Cannabis synthetic seeds: An alternative approach for commercial scale of clonal propagation and germplasm conservation

Indoor cannabis cultivation has been rapidly increasing in many countries after legalization. Besides conventional propagation through cuttings, synthetic seed production provides a competent system for mass propagation, germplasm conservation, and international exchange of genetic materials.

The present study developed a reliable protocol for cannabis synthetic seed production using encapsulation of nodal segments derived from in vitro or in vivo sources. Synthetic seeds were produced in 3% sodium alginate and 75 mM calcium chloride in Murashige and Skoog (MS) medium and stored under various environmental conditions for up to 150 days. The plantlets regrowth efficiency was monitored on culture media up to 30 days after the storage period.

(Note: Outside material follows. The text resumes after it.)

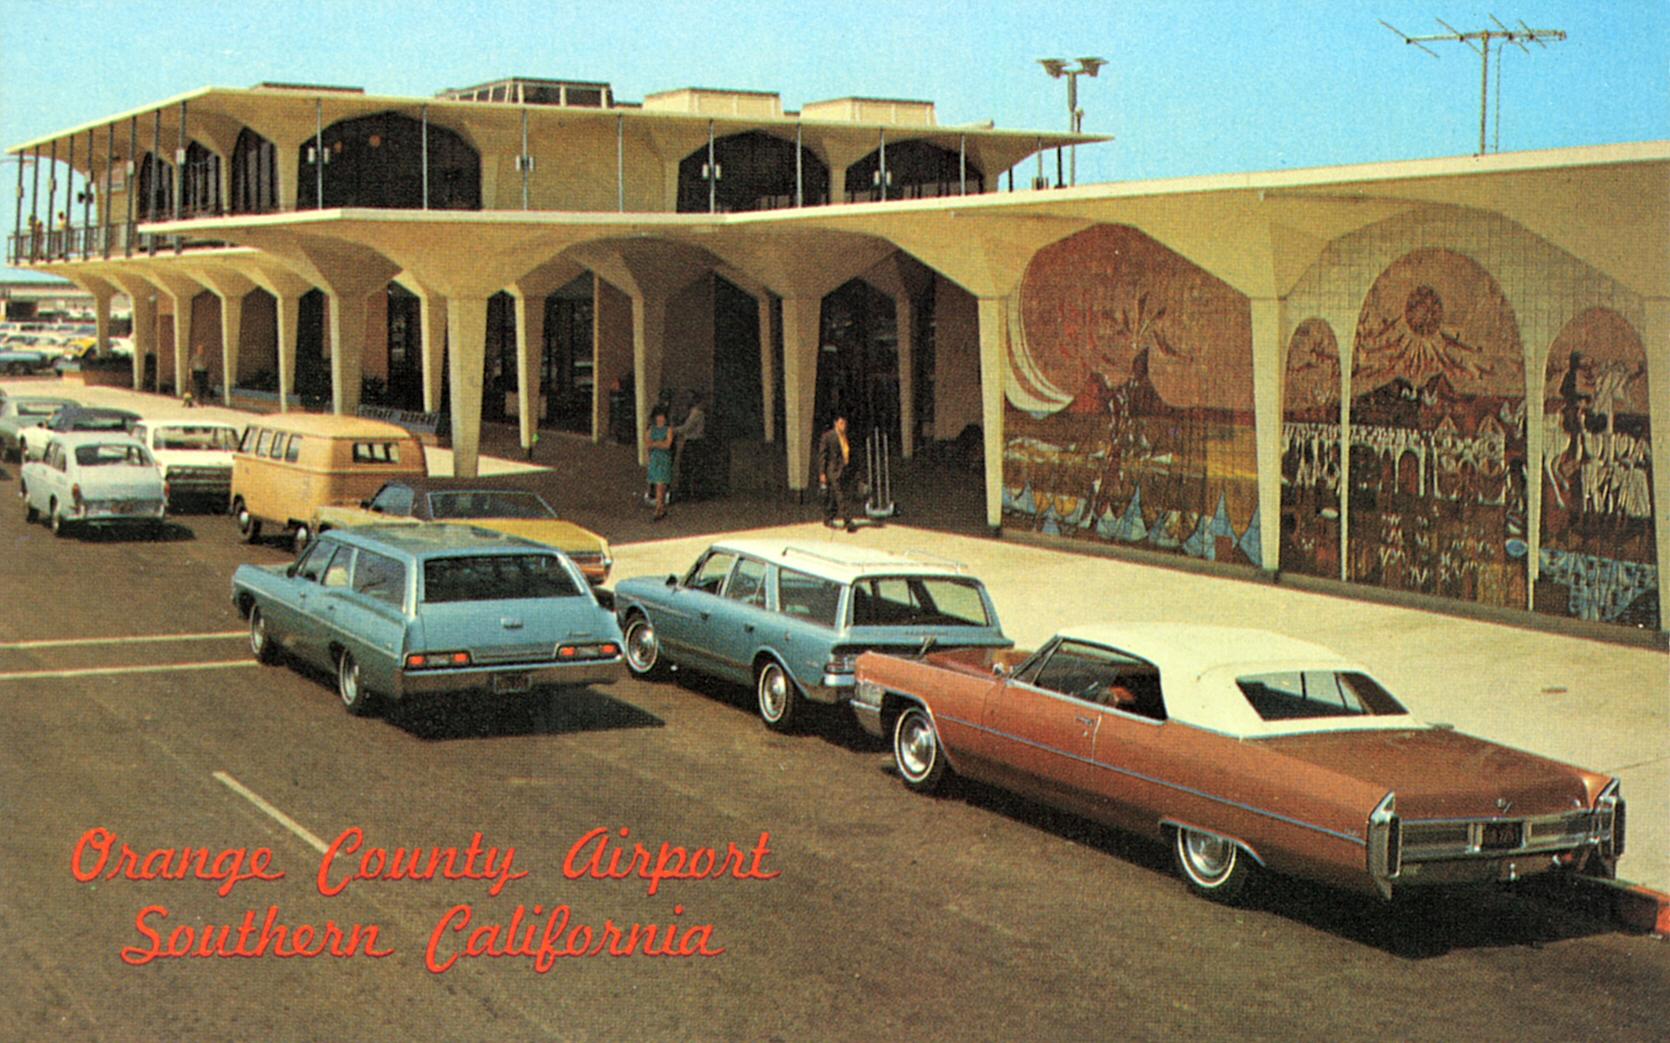 Orange County Airport Car Rental Reviews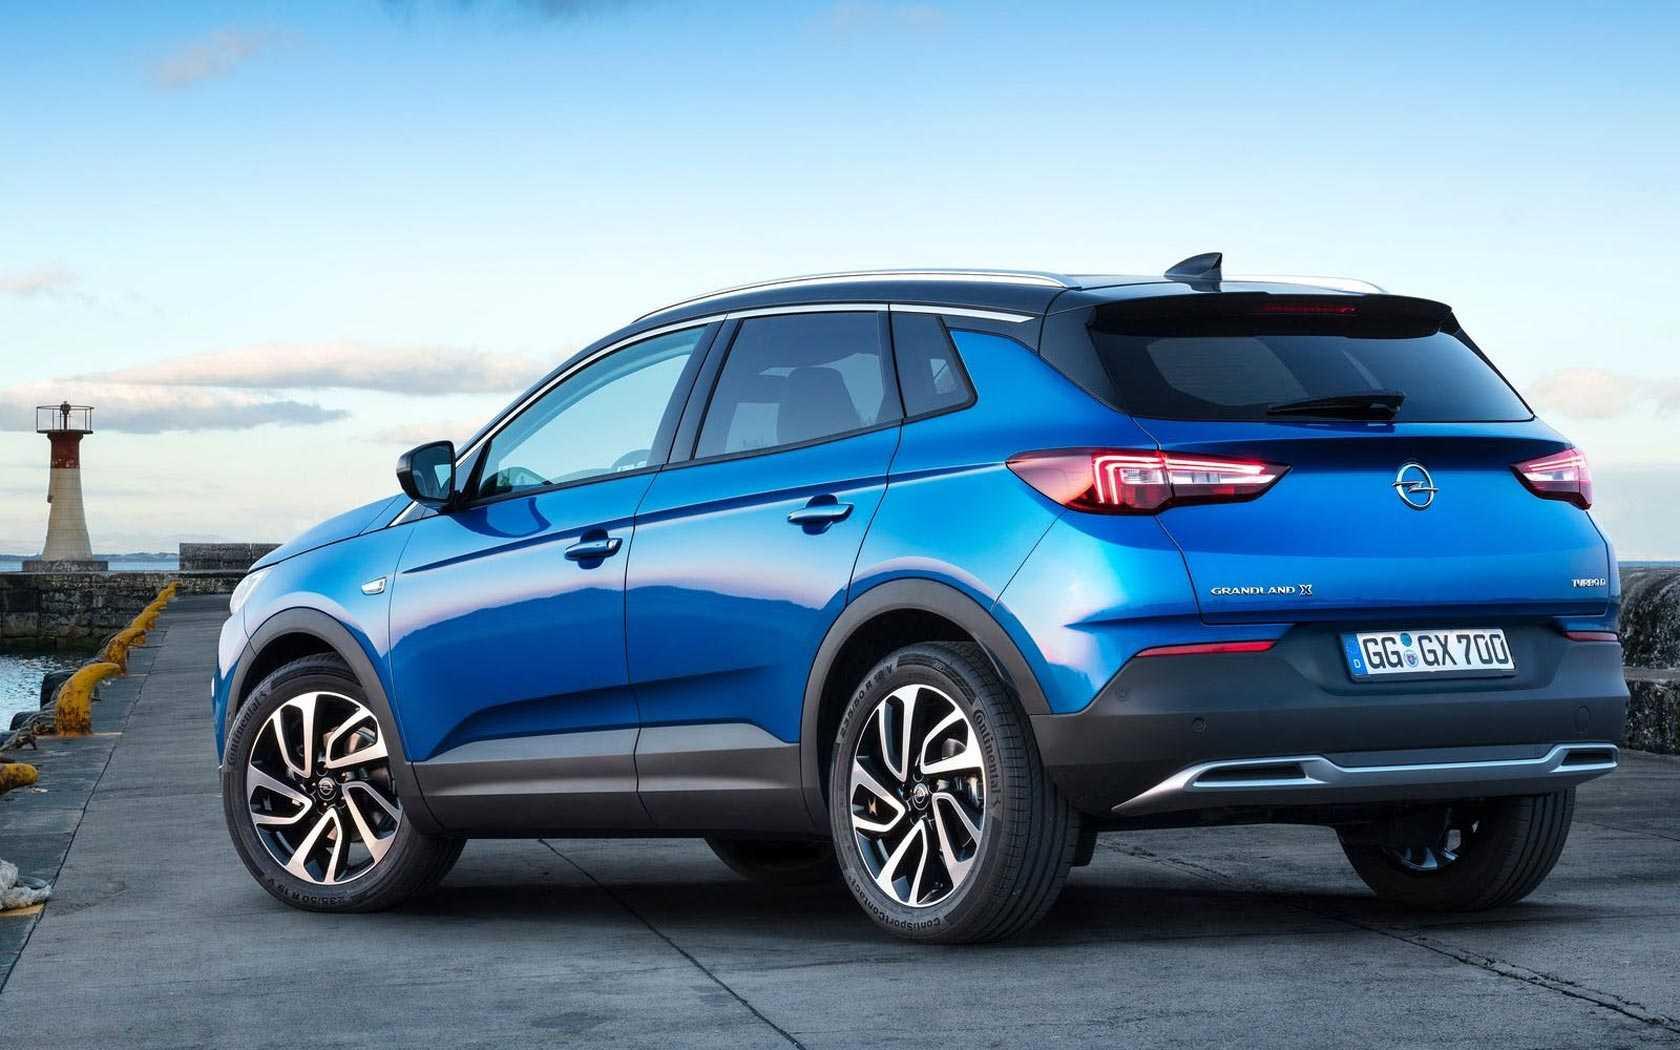 Opel grandland x 2019-2020 цена, технические характеристики, фото, видео

Regrowth rates of 70% and 90% were observed in synthetic seeds from in vitro and in vivo-derived sources, respectively, when stored at 6 °C under 50 μmol s−1 m−2 light for 150 days. Furthermore, the addition of acetylsalicylic acid (ASA) to the encapsulation matrix not only postponed precocious germination of synthetic seeds at 22 °C but also improved the regrowth rate of in vivo-derived synthetic seeds to 100% when they were stored at 6 °C under light. Exposure to light during storage significantly increased the shoot length of regrown synseeds when compared to those stored in darkness. This difference in shoot growth disappeared when synseeds were treated with 25 µM ASA. All regenerated plantlets were rooted and acclimatized in sterile rockwool plugs without morphological changes.

Zarei A, Feyissa BA, Davis B, Tavakouli Dinani E. Cannabis Synthetic Seeds: An Alternative Approach for Commercial Scale of Clonal Propagation and Germplasm Conservation. Plants. 2022; 11(23):3186.